DiAna’s Hair Ego. 1990. USA. Directed by Ellen Spiro. Digital projection. Digital preservation courtesy of the filmmaker. 29 min.
Meet DiAna DiAna, a cosmetologist in Columbia, South Carolina, who personally oversees the education of her tight-knit black community on AIDS transmission and safer sex. DiAna and her partner, Dr. Bambi Sumpter (Gaddist), turn their beauty salon into the primary hub for the South Carolina AIDS Education Network (SCAEN). The reach of DiAna and her partner is astounding: they host Tupperware parties where they graphically detail safer sex practices with elders, they keep a permanently accessible basket of condoms for customers, and they weather the resistance from the conservative powers that be in their town. Ellen Spiro’s marvelous, inspiring portrait of DiAna’s life and work is a vivid record of heroism in action.
Tongues Untied. 1989. USA. Directed by Marlon Riggs. Digital projection. Digital restoration. 55 min.
“Black men loving black men is the revolutionary act.” DiAna’s Hair Ego is paired (as it often has been historically) with Marlon Riggs’s 1989 masterwork and radical manifesto, Tongues Untied. Riggs works with poet Essex Hemphill to create a kaleidoscopic image of queer blackness in America, before deliberately and systemically dismantling the limiting constructions of its perception; no one in Tongues Untied is invulnerable.
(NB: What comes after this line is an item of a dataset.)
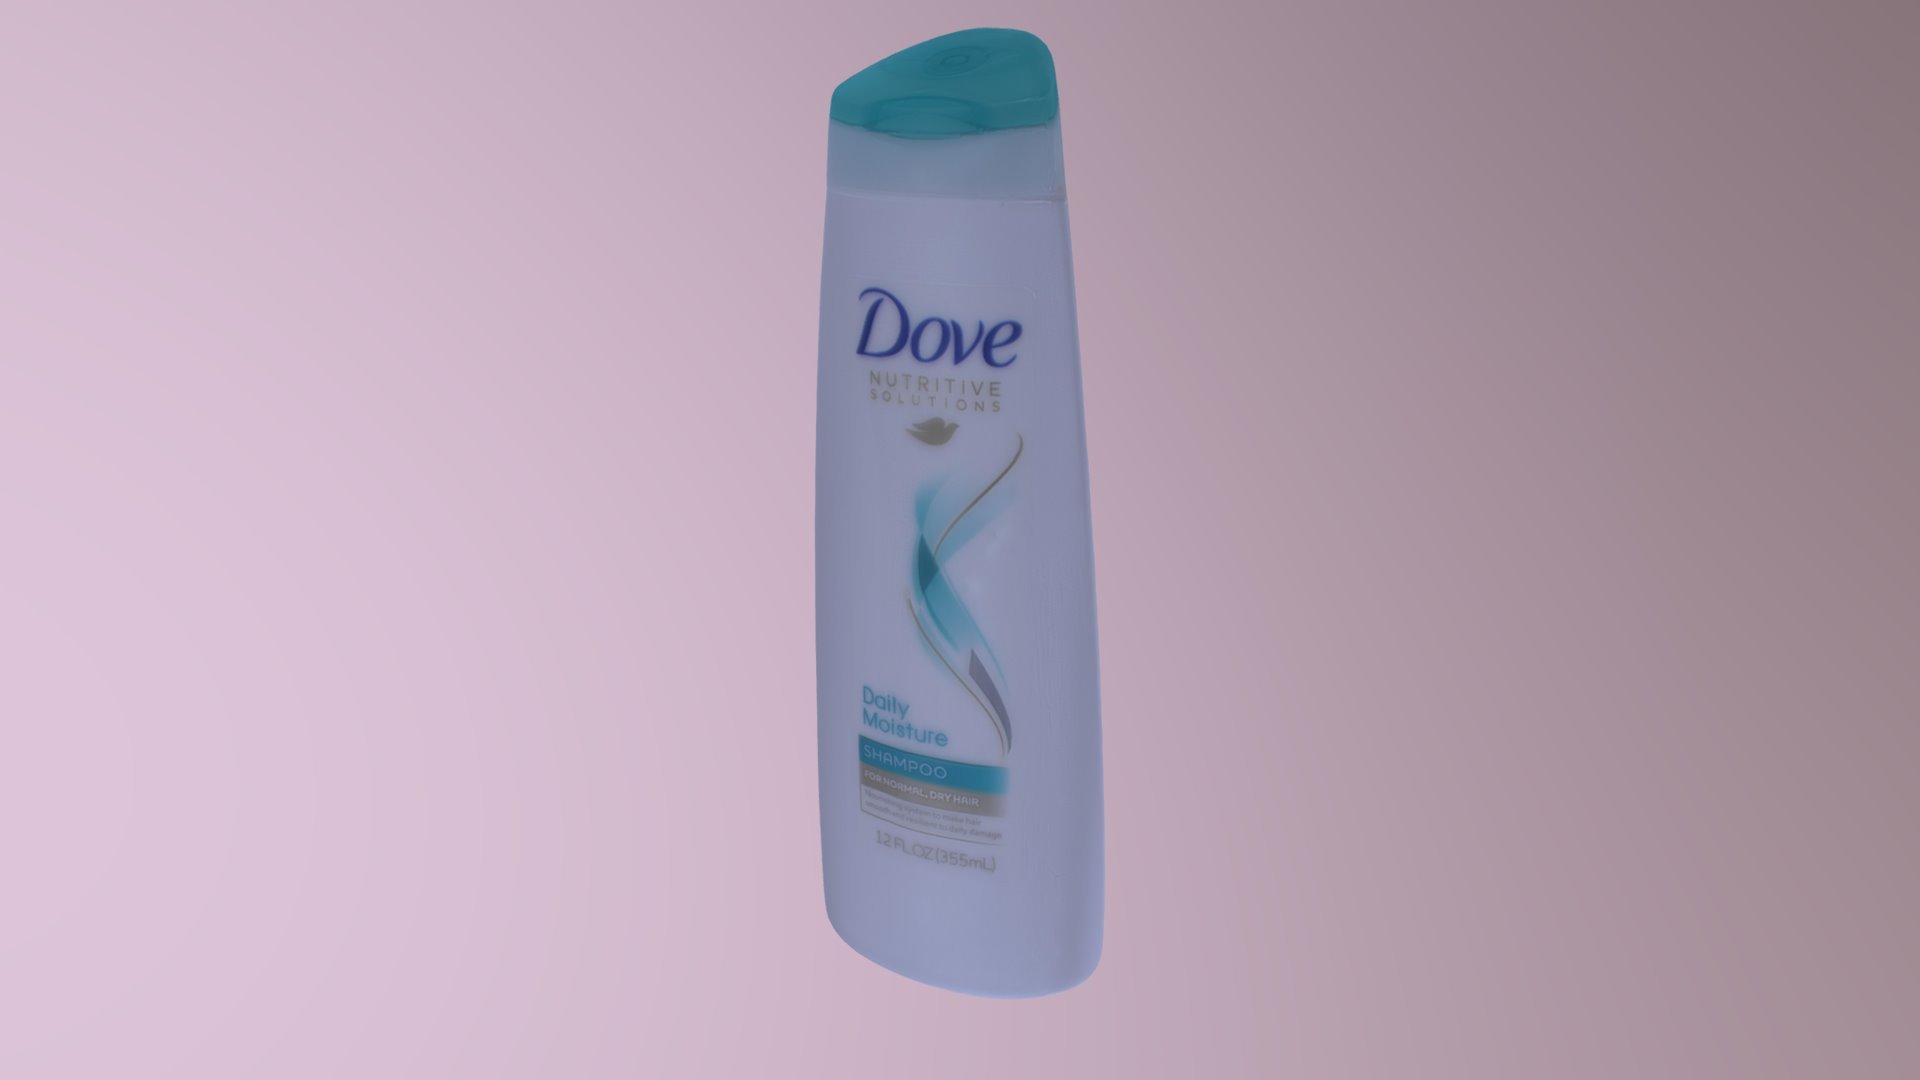 software:agisoft photo scan, camera:nikon D5300 - Dove shampoo - 3D model by saririam 3d model

Hemphill’s poems also address the AIDS crisis directly: The title of this series is derived from one of his eloquent requiems, “Now we think as we fuck. This nut might kill. This kiss could turn to stone.” Riggs and Hemphill speak directly and offer an optimistic gesture to the national populace (the video was shown on PBS in 1991): the opportunity to listen.